The Met Office has issue a red weather warning for South Wales, meaning there is a likely risk to life.
France was also affected by the storm, especially northwestern Brittany where the Finistere and Morbihan regions were temporarily placed on orange alert for rain and flooding, according to the national weather service, Meteo-France.
Last week, Storm Ciara caused disruption to transport when it hit the United Kingdom.
Britain on Monday grappled with the fallout from Storm Dennis, with several major incidents declared due to flooding and hundreds of warnings still in place after it battered the country over the weekend.
A family is rescued from a property in Nantgarw, Wales yesterday.
The newly-appointed Defra Secretary, George Eustice, denied that the government had been caught off guard by the floods following storms Dennis and Ciara.
The EA said on Sunday afternoon that there been more than 600 flood warnings and flood alerts in place across England.
Met Eireann said that the storm would bring severe and damaging gusts, high waves and a risk of coastal flooding as it continues passing north of Ireland.
Storm Inès and Dennis: Further storms expected from Thursday onwards
Several planes rocked from side to side as they came into land at Birmingham Airport during fierce crosswinds from Storm Dennis. The winds could cause disruption to travel, and there's a chance of some damage to buildings.
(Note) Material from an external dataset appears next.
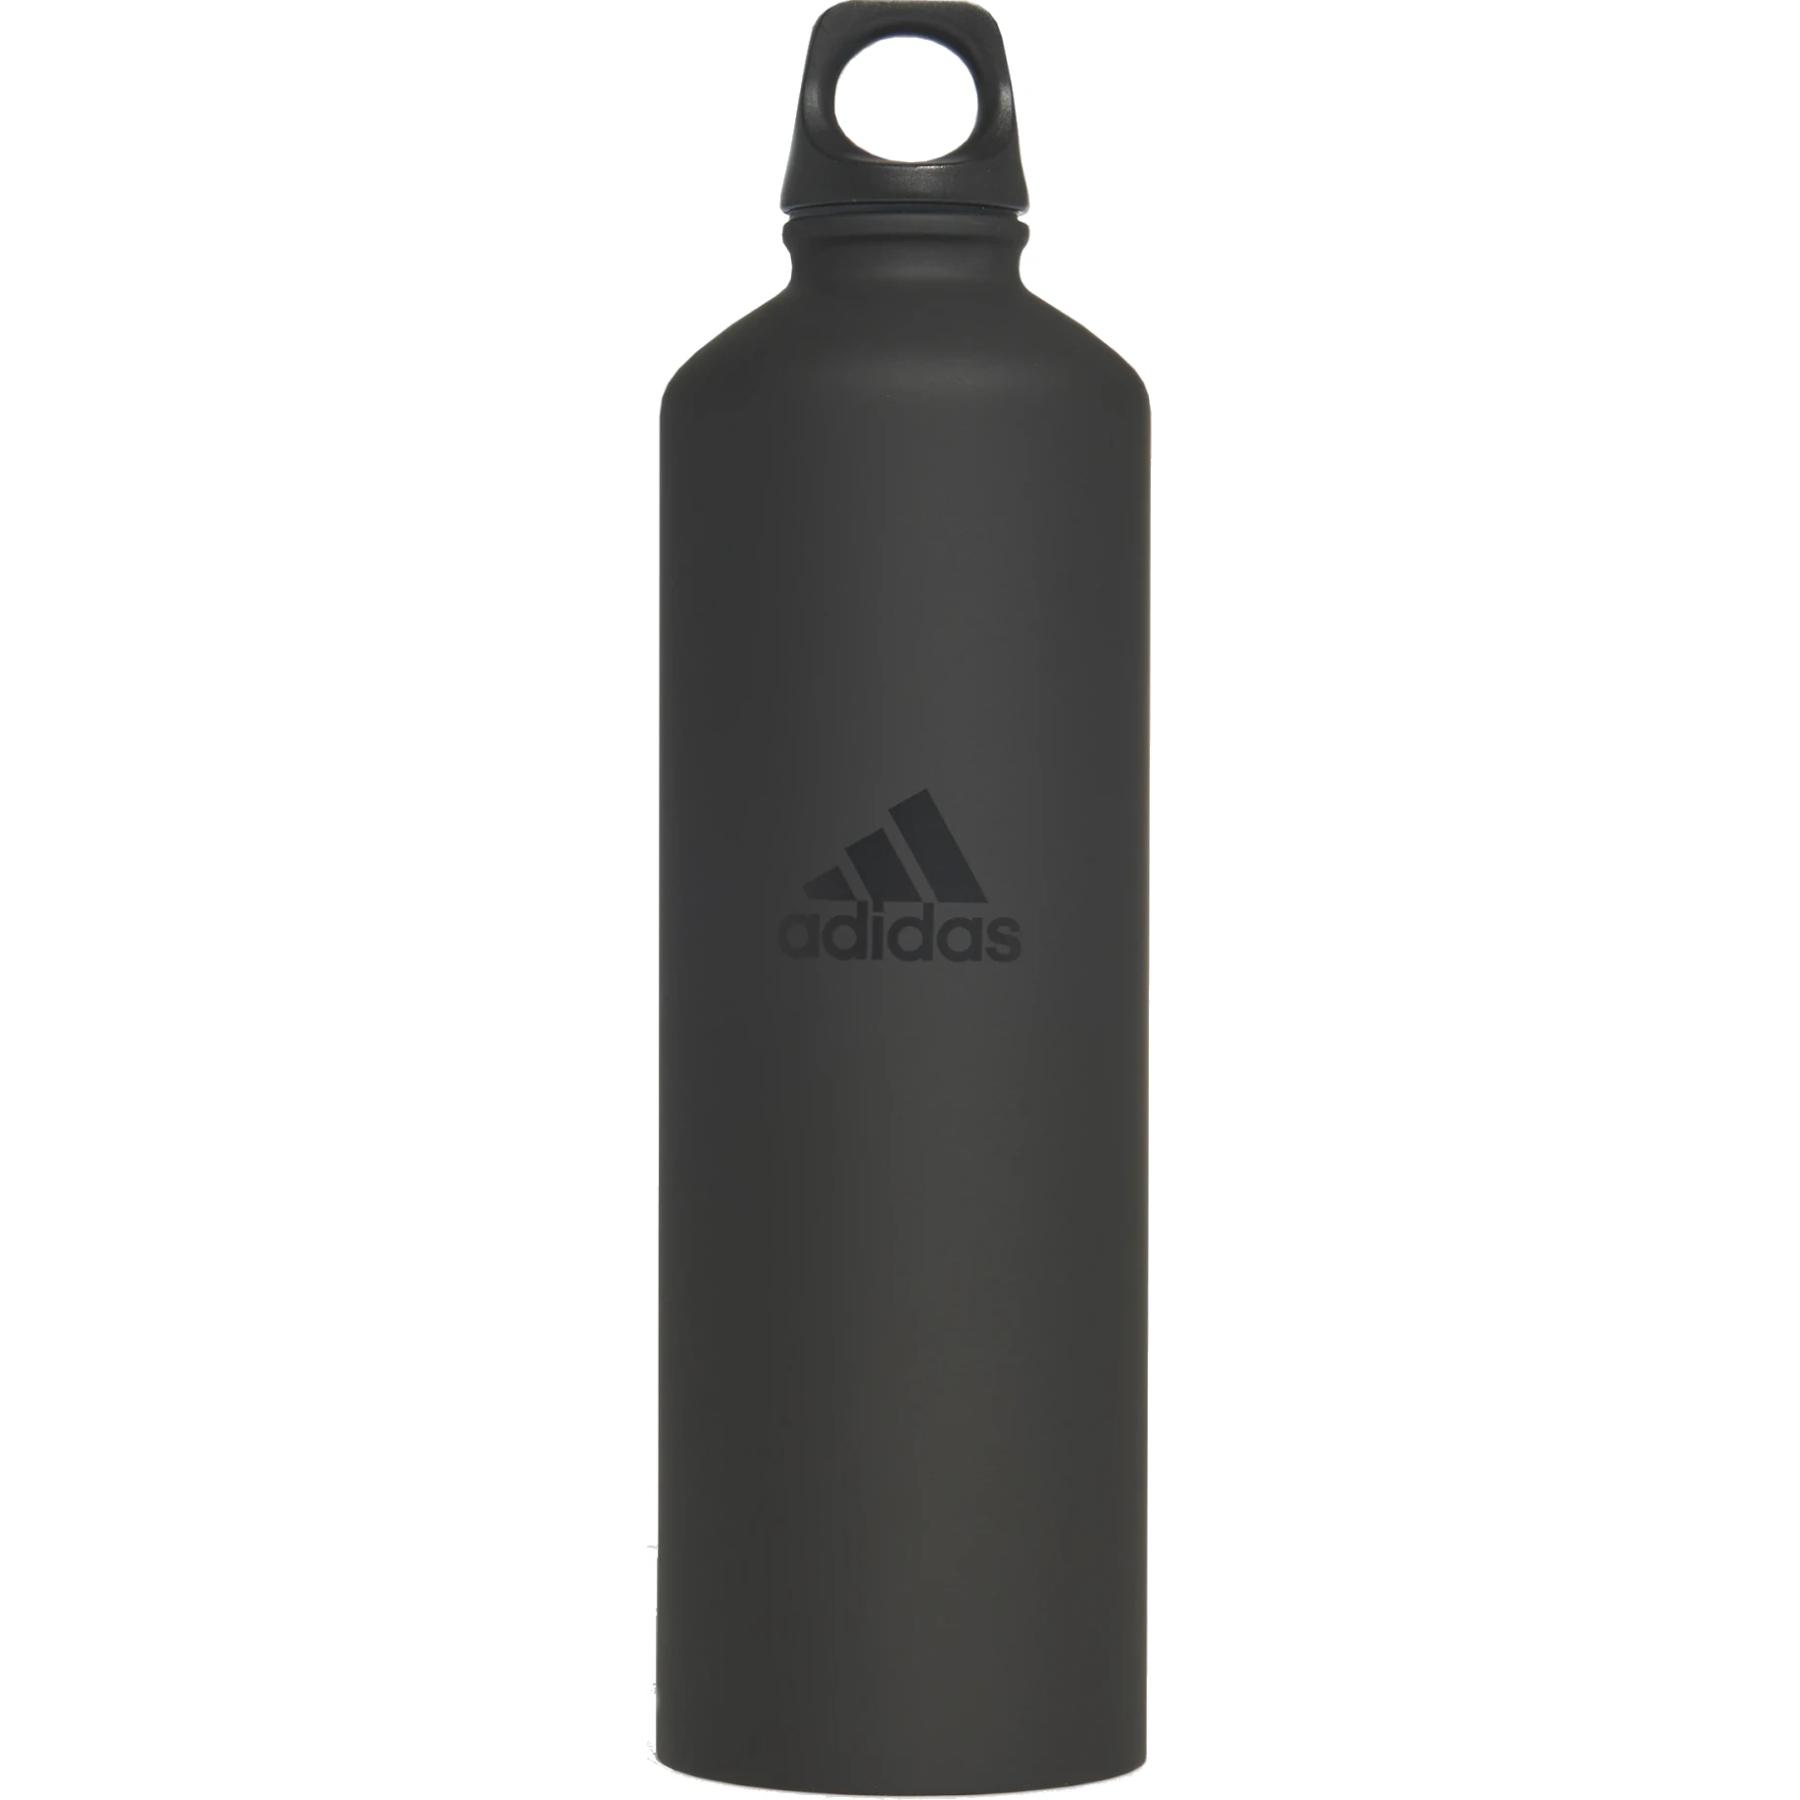 adidas Steel Bottle 0,75 L - black/black GN1877

A record 594 flood warnings and alerts were raised, extending from Scotland's River Tweed to Cornwall in southwest England.
The Met Business, Britain's meteorological support, only challenges its best warning when it thinks the weather conditions will be so poor there is a "danger to lifestyle".
The agency is predicting that up to 140 mm (about 5 inches) of rain could fall in south Wales before slowly easing later on Sunday.
Gwent Police said that residents of Skenfrith, Monmouthshire, were being advised to evacuate due to the flooding.
Meanwhile, two bodies were pulled from rough seas off the south England coast on Saturday as the storm barrelled in.
ITV forecaster Laura Tobin warned the River Wye is of "most concern" to the Environment Agency as growing water levels continue to rise.
Severe flood warnings were also still in place for the rivers Lymn and Steeping in Lincolnshire, as well as the River Teme in parts of Worcestershire, Herefordshire and Shropshire.
Flights have been grounded for safety reasons, with British Airways and easyJet confirming cancellations.